Maison Capital, an investment firm that has backed Chinese drone giant DJI, has closed an oversubscribed, new RMB-denominated fund at about 1.5 billion yuan ($231.4 million), it announced on Thursday.
The new fund will help Maison Capital double down on growth-stage enterprises in the fields of healthcare, advanced technology, and consumption upgrade.
The fund, Maison Capital’s fifth, raised capital commitments from limited partners (LPs) including Chinese government-led funds, state-owned enterprises, insurance companies, funds of funds (FOFs), and high-net-worth individuals (HNWIs).
Its investors also include qualified foreign limited partners (QFLPs), which refer to foreign institutions qualified to make private equity (PE) investments in China. Over 80% of LPs in the new fund are institutional investors, it said in a statement.
Founded in 2004, with offices in Beijing, Shenzhen, and Hong Kong, Maison Capital now manages five RMB funds and one US dollar fund.
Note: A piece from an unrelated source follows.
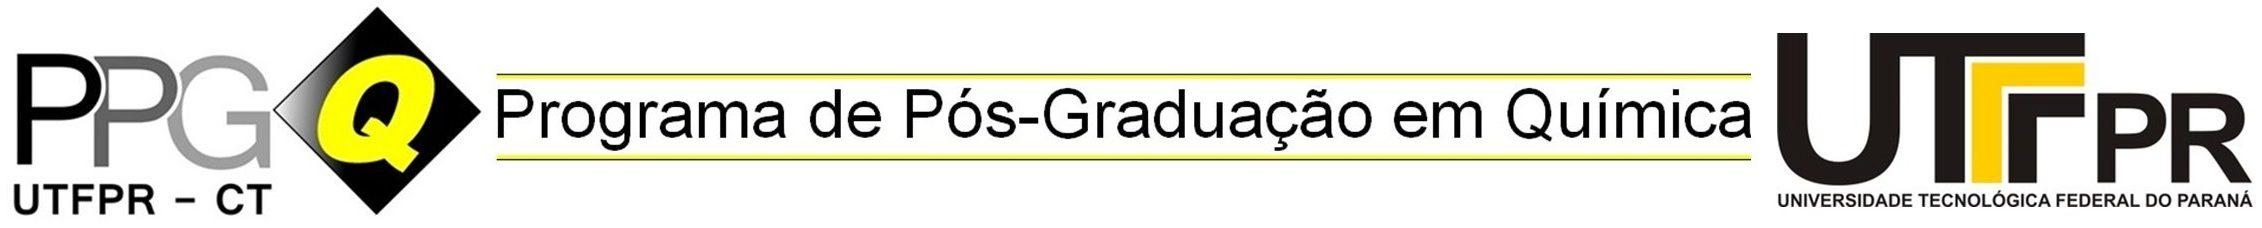 Programa de Pós-Graduação em Química

The firm announced in September 2018 the final close of its debut USD fund at $200 million with support from the World Bank’s private sector arm IFC; DEG, a unit of German state development bank KfW; Italy’s top insurer Assicurazioni Generali; and asset manager Schroder Adveq.
It has built a portfolio of firms such as yoghurt brand Simple Love; Chinese state-owned wind turbine maker Goldwind Science & Technology; medical devices manufacturer SonoScape Medical Corp; and Transsion, a Chinese firm that sells smartphones in South Africa; as well as Transsion’s music streaming service Boomplay.
Some of the firm’s latest bets include Insilico Medicine, a Hong Kong-based startup that uses artificial intelligence (AI) for drug discovery; clinical-stage drug maker Elpiscience Biopharma; and biotherapeutics firm HiFiBiO Therapeutics.